Saudi unit of UAE's Etisalat says growth in sales of smart phones boosts performance

Saudi's Mobily posts 11% rise in Q1 net profit

Etihad Etisalat (Mobily), Saudi Arabia's second-biggest telecom operator, has missed analysts' forecasts with an 11 percent rise in first-quarter net profit.

Mobily, an affiliate of the United Arab Emirates' Etisalat , made a first-quarter net profit of SR1.340bn, up from SR1.207bn in the prior-year period, with the company citing higher data revenues in a bourse statement.

Analysts polled by Reuters on average forecast Mobily, which competes with the Gulf's No.2 operator Saudi Telecom Co and Zain Saudi, would make a quarterly profit of SR1.37bn.

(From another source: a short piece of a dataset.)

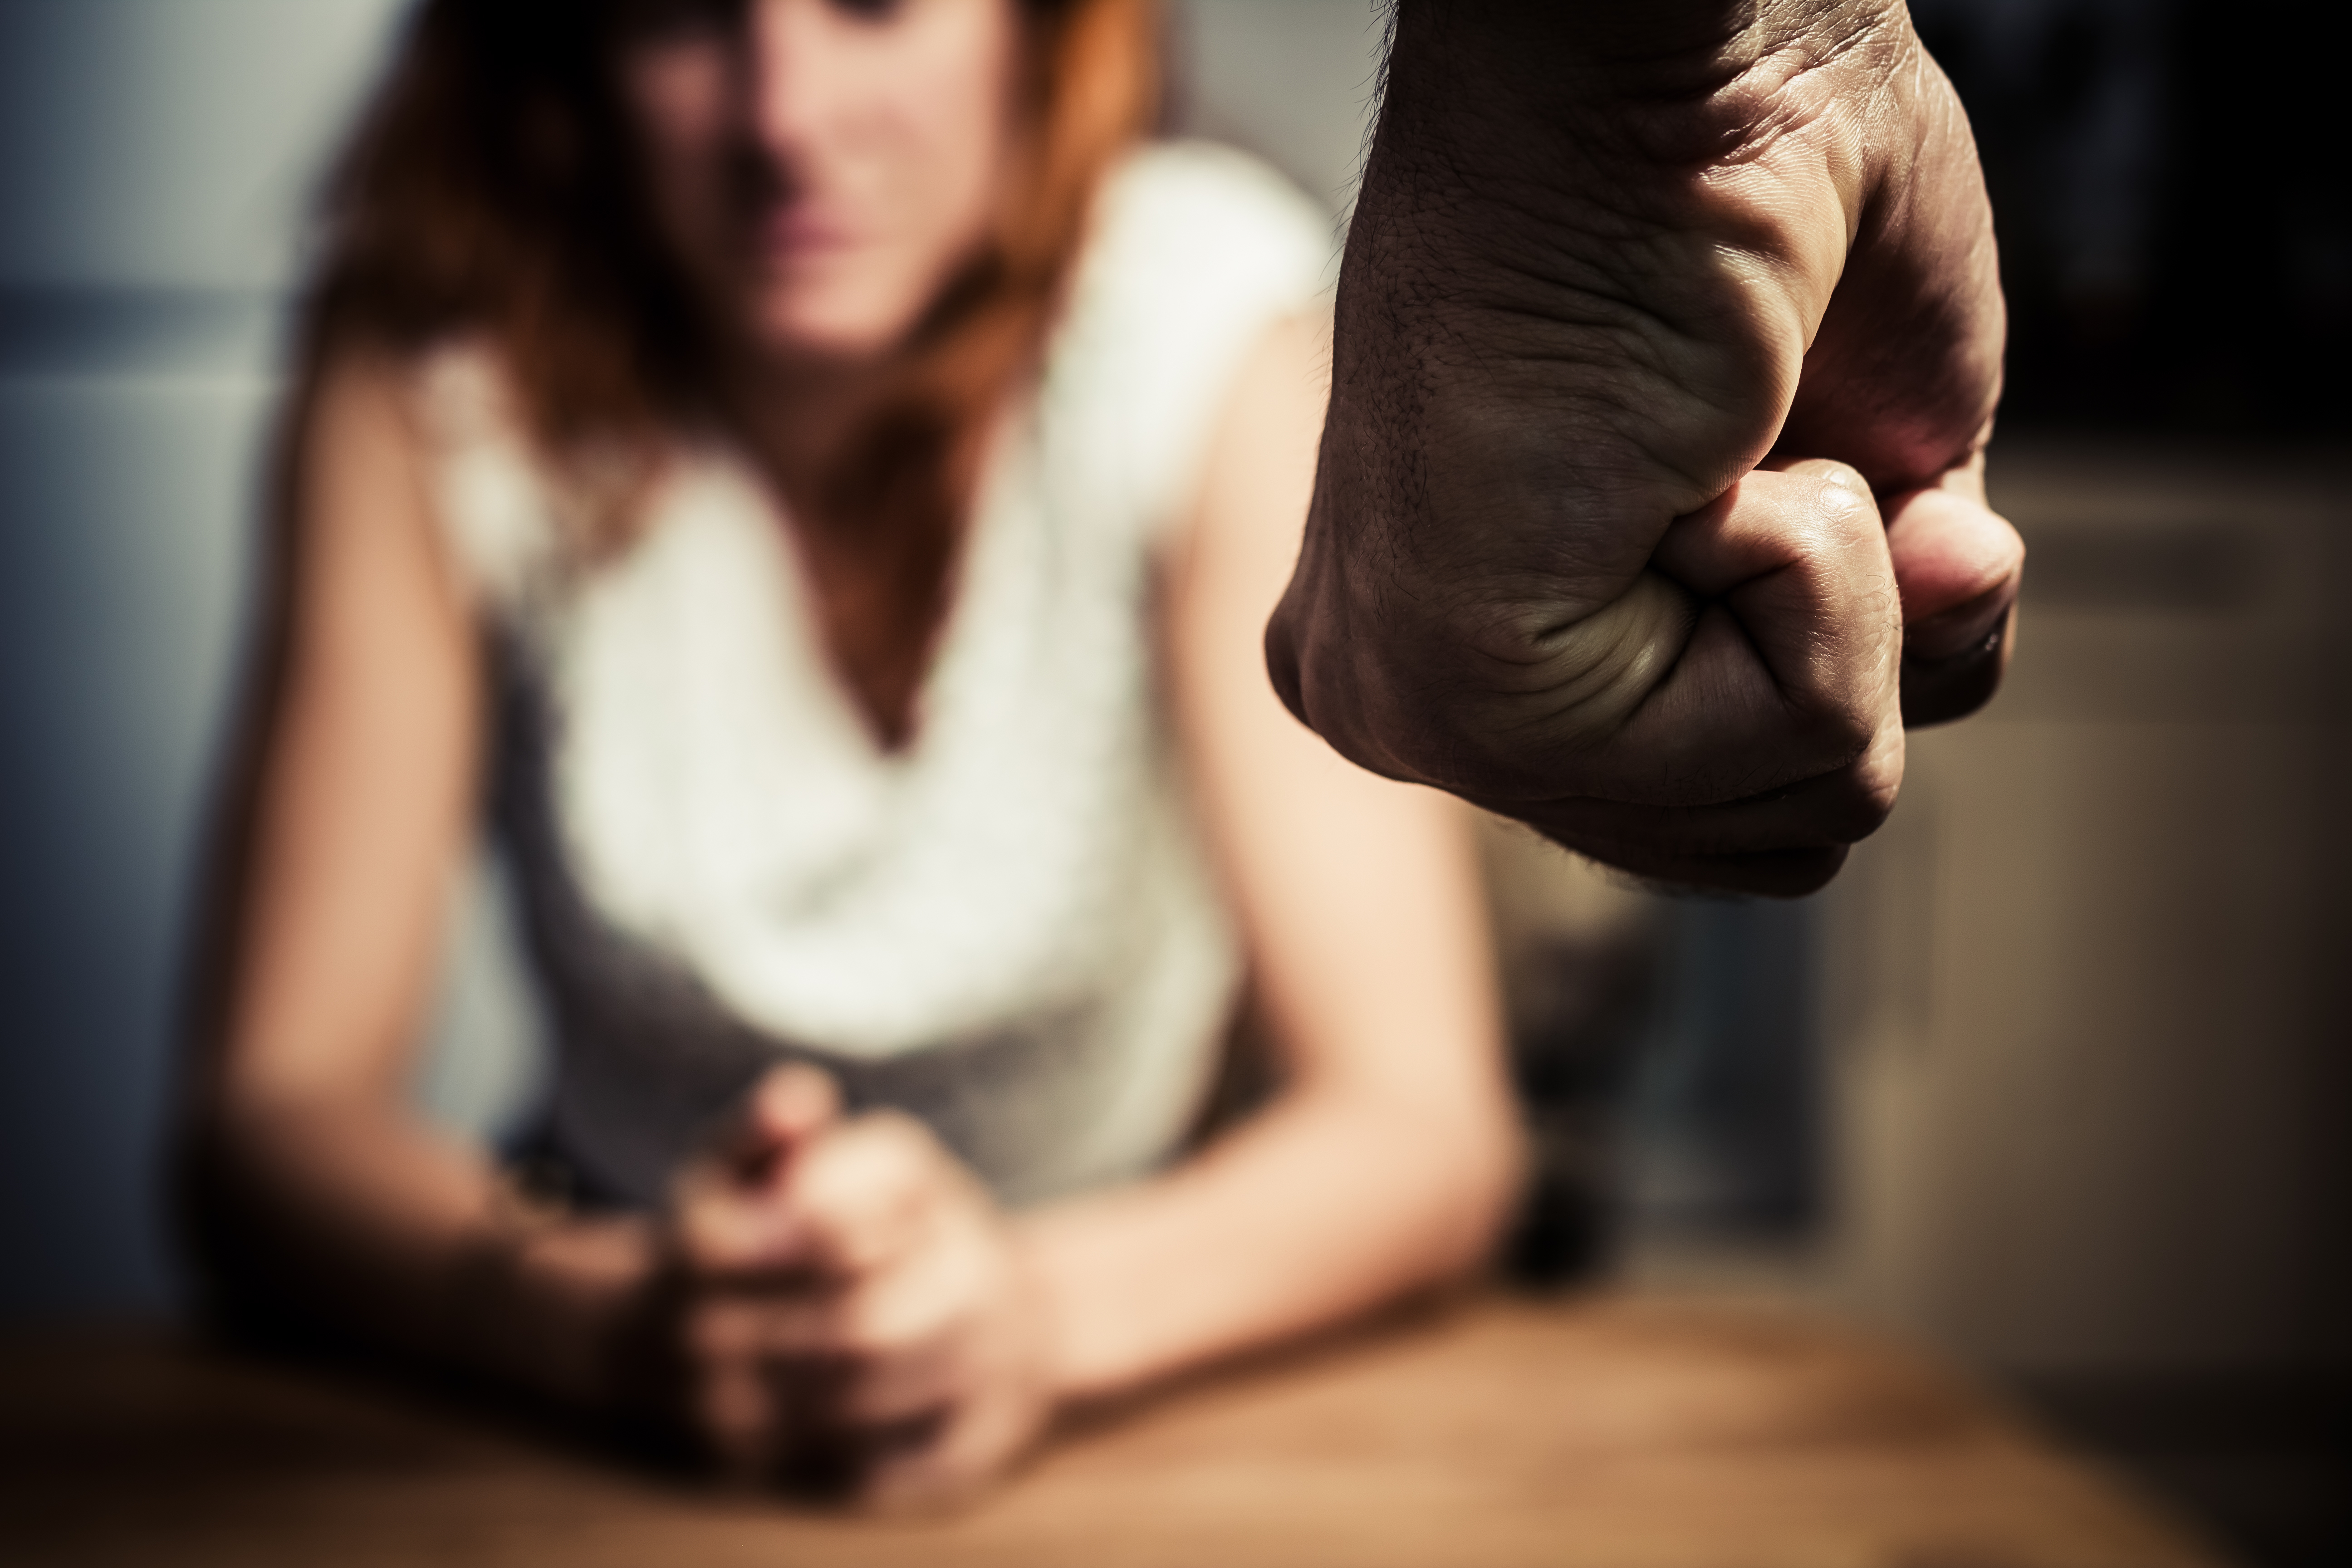 İlişkide şiddet ve baskılama: Birlikte olduğunuz kişinin size şiddet uyguladığının 10 sinyali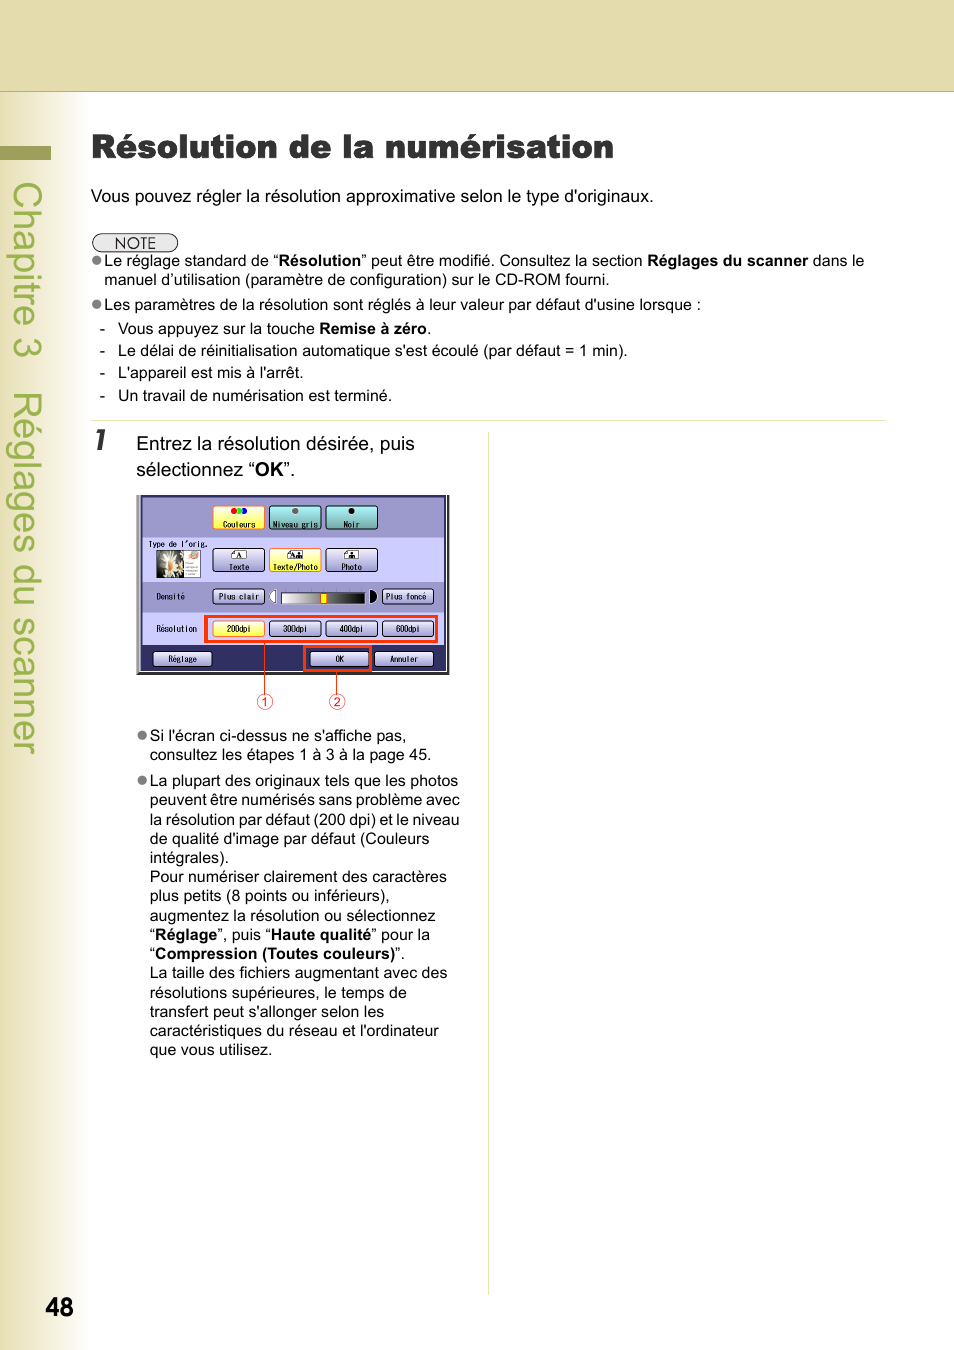 Résolution de la numérisation, Chapitre 3 réglages du scanner | Panasonic DPC266 Manuel d'utilisation | Page 48 / 74

Mobily's revenue for the three months to March 31 was SR5.63bn, up from SR5.01bn from the prior-year period.

"This stems from the growth in sales of smart phones and the increase in data revenues, which accounted for 30 percent of turnover for the period," the company said in its statement.

Revenue from data and corporate customers will drive Mobily earnings growth, the company's chief executive told Reuters in January.

The focus on these two segments reflects market dynamics in the kingdom, where conventional call margins have slumped due to increased competition between operators and the rising use substitute services such as Internet-based phone calls and instant messaging.